# Do girls ever look at you when walking by?



## lonesomeboy (Aug 29, 2005)

Just wondering to all the guys out there, if you ever had a cute girl look at you or smile at you, when say just walking in the street and they are passing by.
Personally, I've never had that happen to me. They all just pass by and completely ignore me.


----------



## Evo (Jan 1, 2012)

Never due to being unattractive.


----------



## youngloc (Dec 23, 2009)

Sometimes


----------



## Luka92 (Dec 13, 2011)

A girl once winked at me.


----------



## mattigummi (Aug 26, 2012)

Nope, never.


----------



## GuyMontag (Dec 12, 2010)

Nope


----------



## Xenidia (Aug 4, 2012)

Nope they don't.


----------



## Neo1234 (Mar 6, 2012)

They do look at me ! They don't smile though or may be someone did IDK.But I never get to know whether they find me attractive or not.But,they do check me out ,I notice quite often.But,if they even do find me attractive,I just won't be able to do anything but just walk by! And the story closes down forever!


----------



## PaysageDHiver (Jun 18, 2011)

All the time.


----------



## OutOfControlPanel (Jul 14, 2012)

When I go out for a walk and I pass a girl, I sometimes look back. Sometimes I do this just because I found the girl particularly attractive. Other times I do it just to see if she found me interesting enough to look back at me. I've never seen them looking back -- they just keep on walking. 

:sigh


----------



## ravens (Aug 31, 2011)

Rarely.


----------



## theseventhkey (Jul 22, 2012)

If they did I wouldn't notice.


----------



## Anesthetize (Sep 1, 2012)

Sometimes, but looking at their expressions I can't tell if they think I'm attractive or just plain staring for no reason.


----------



## SnowFlakesFire (Aug 23, 2012)

I stared a guy today, I could not get my eyes removed away of his eyes. Black eyes always makes me stare.


----------



## Strwbrry (Jun 28, 2012)

Girls often check me out. The way I dress, or just plain staring. Ugh, it's so annoying.


----------



## seafolly (Jun 17, 2010)

If you live in a big city I wouldn't take this personally. I think only once have I ever taken a double take with a man, and my boyfriend was actually the first to comment on this looks. It was like he stepped out of a magazine and he really stood out in that crowded subway. Point is, when people are going about their daily lives they're really not checking out every person that passes them by- they're more focused on their task at hand.


----------



## bsd3355 (Nov 30, 2005)

It used to happen to me a lot when I was younger. Hardly happens anymore.


----------



## ravens (Aug 31, 2011)

A couple of years ago a woman kept staring at me when I was walking by her while I was shopping. I was to nervous to talk to her, like I always am. One thing was that she looked like she was in her early 20's. I always come up with excuses like I'm too old for her.


----------



## Canucklehead (Aug 28, 2012)

I had a halfway decent looking drunk girl come up to me on the street and hand me a piece of paper with her phone number on it a couple months ago.

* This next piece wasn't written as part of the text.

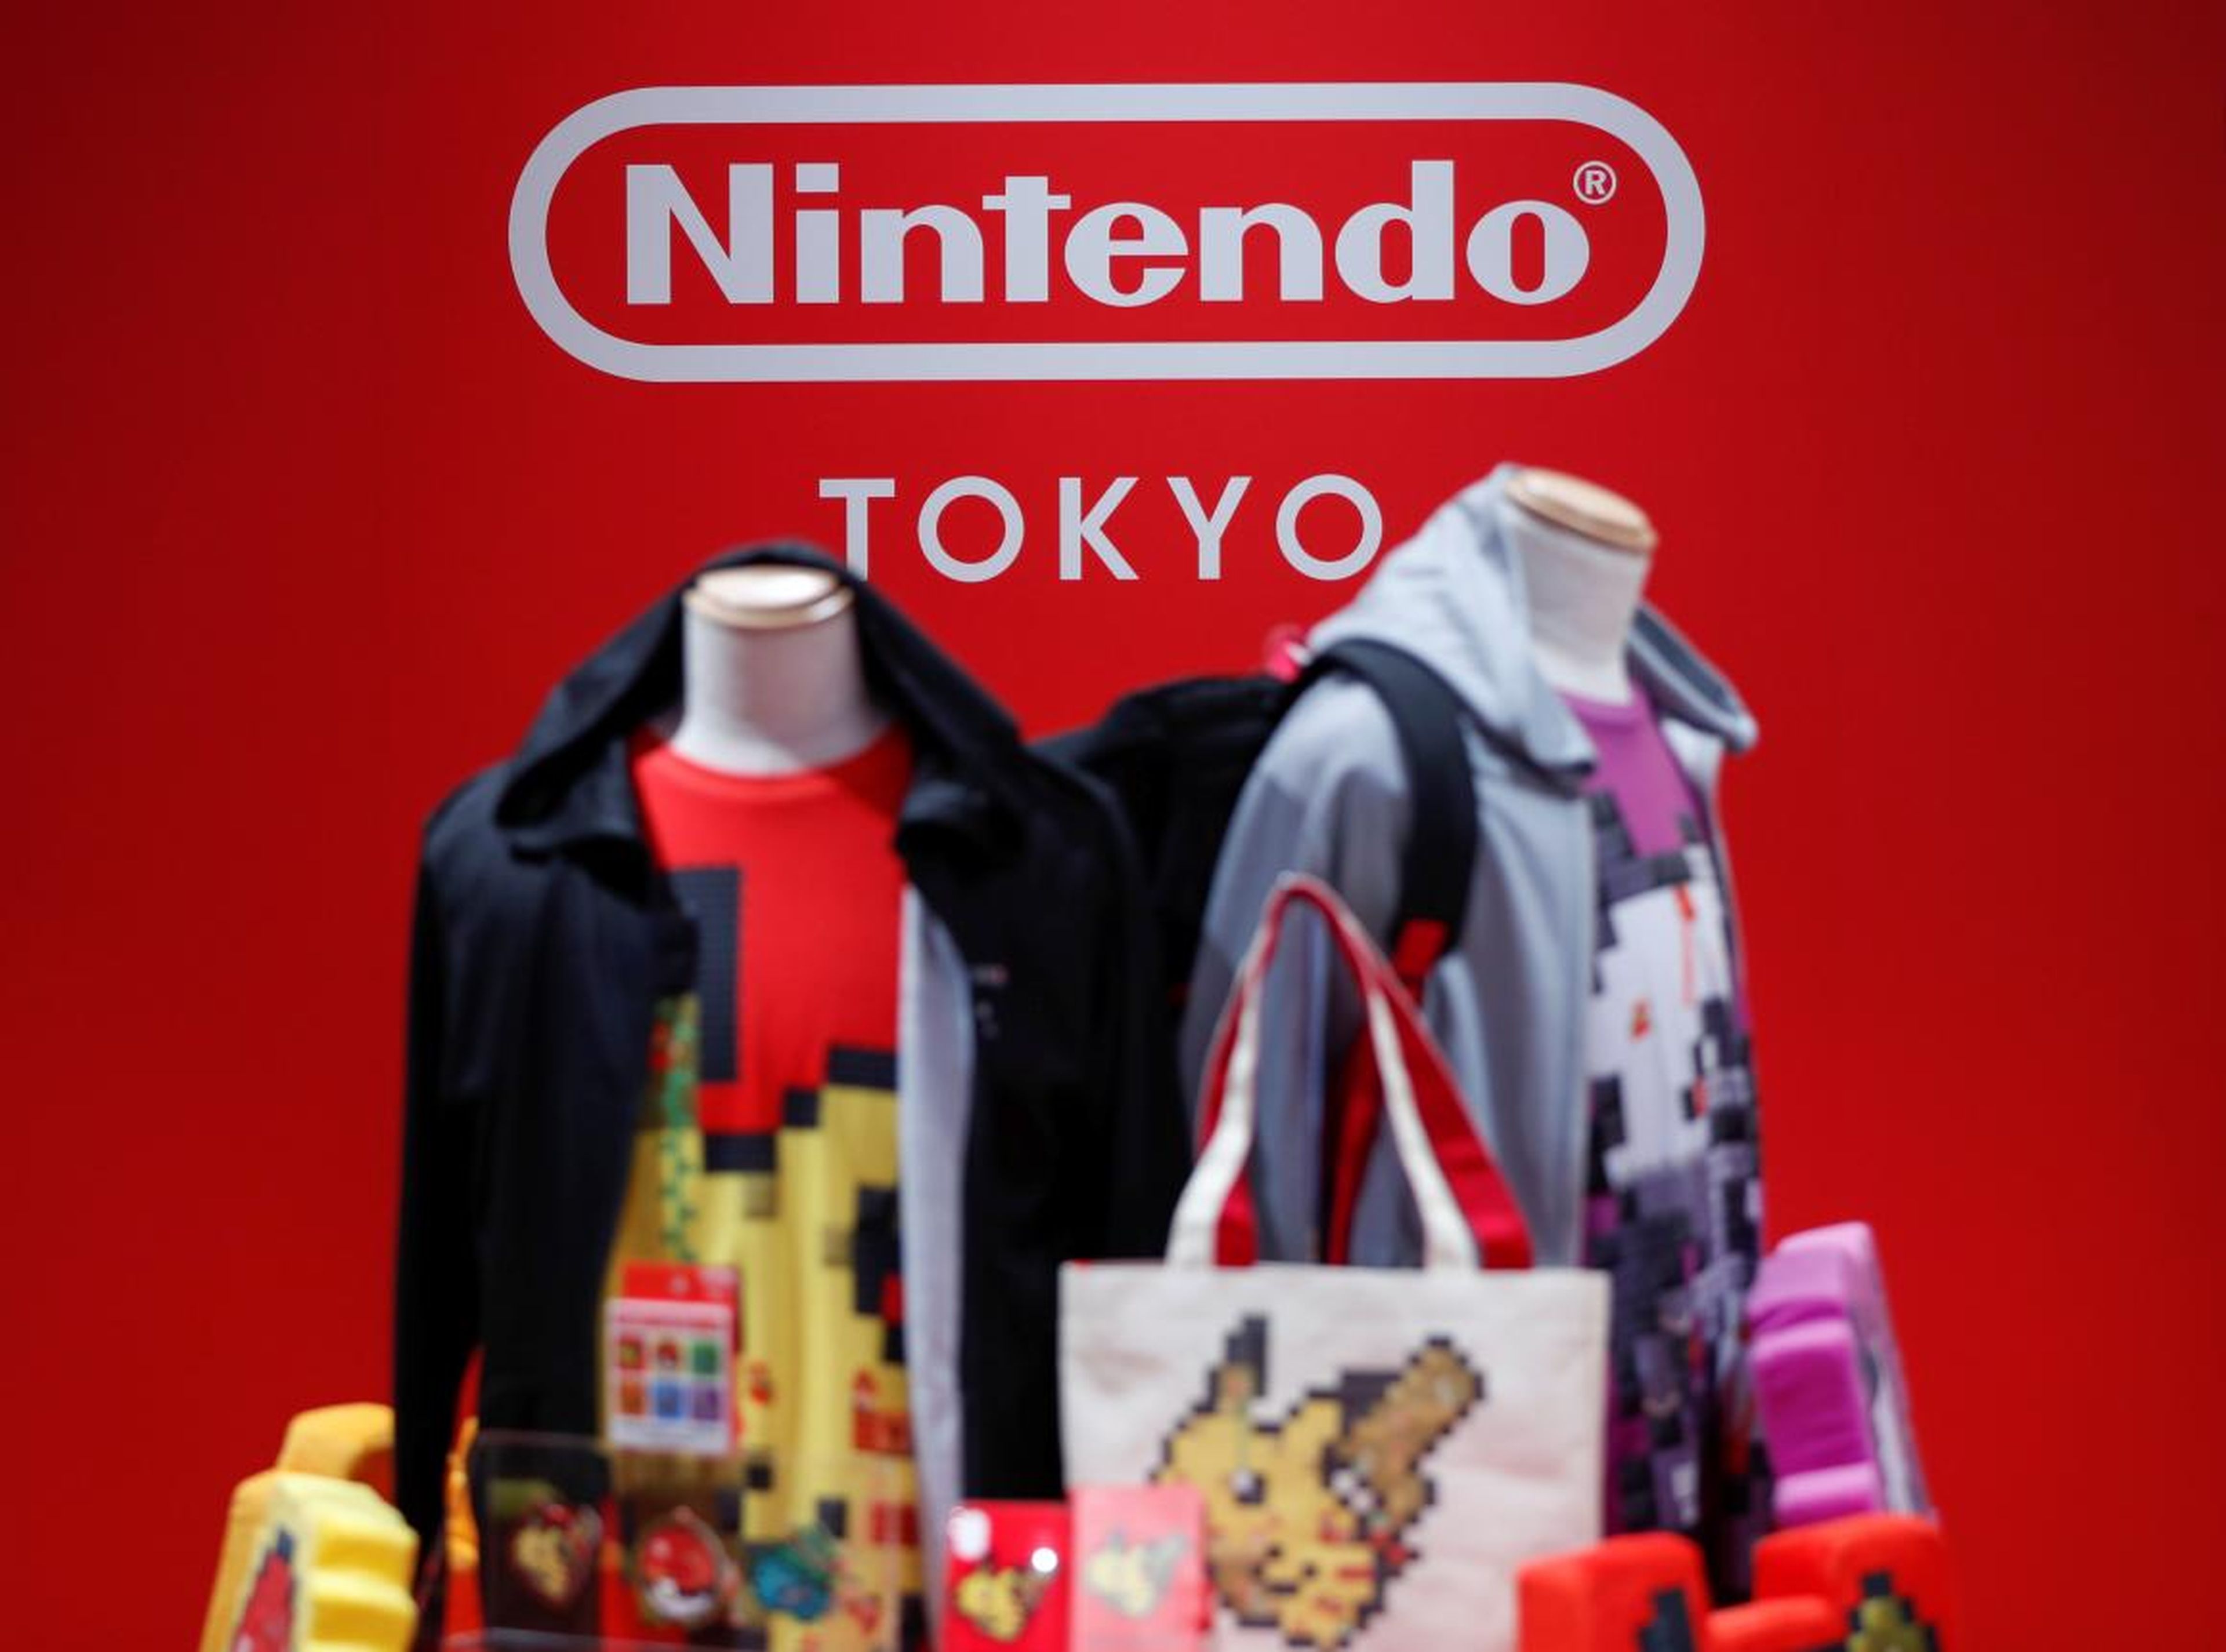 Nintendo Tokyo will officially open on November 22.

Luckily I froze up and mumbled something incoherent and didn't call her ever.


----------



## SoWrongItsRight (May 9, 2012)

I'm a girl and girls look at me. Not sure why?


----------



## Gryffindor85 (Nov 7, 2011)

I really don't know since I don't pay much attention to see if other people are looking at me, it would probably make my anxiety worse.


----------



## RUFB2327 (Sep 28, 2008)

Yes, but I think it's just them people watching and not them thinking I'm attractive. I notice guys looking at me too.


----------



## MiMiK (Aug 25, 2011)

RUFB2327 said:


> Yes, but I think it's just them people watching and not them thinking I'm attractive. I notice guys looking at me too.


why do you think guys look at you though? i get this once in a while, i get stared down by dudes and i know exactly what they want to do. fight. idk if its the way i look, but i get this quite bit.

last time i was in a liquor store and this big dude [probably 6'3 250-260lbs] just ****ing standing there staring at me. :sus


----------



## MaskOfSanity (Feb 16, 2012)

I'll throw this at you. How often do you let yourself get caught looking/staring at someone attractive? Even a person without SAD doesn't want to be seen gawking at someone they find attractive... so it's really not a good test. 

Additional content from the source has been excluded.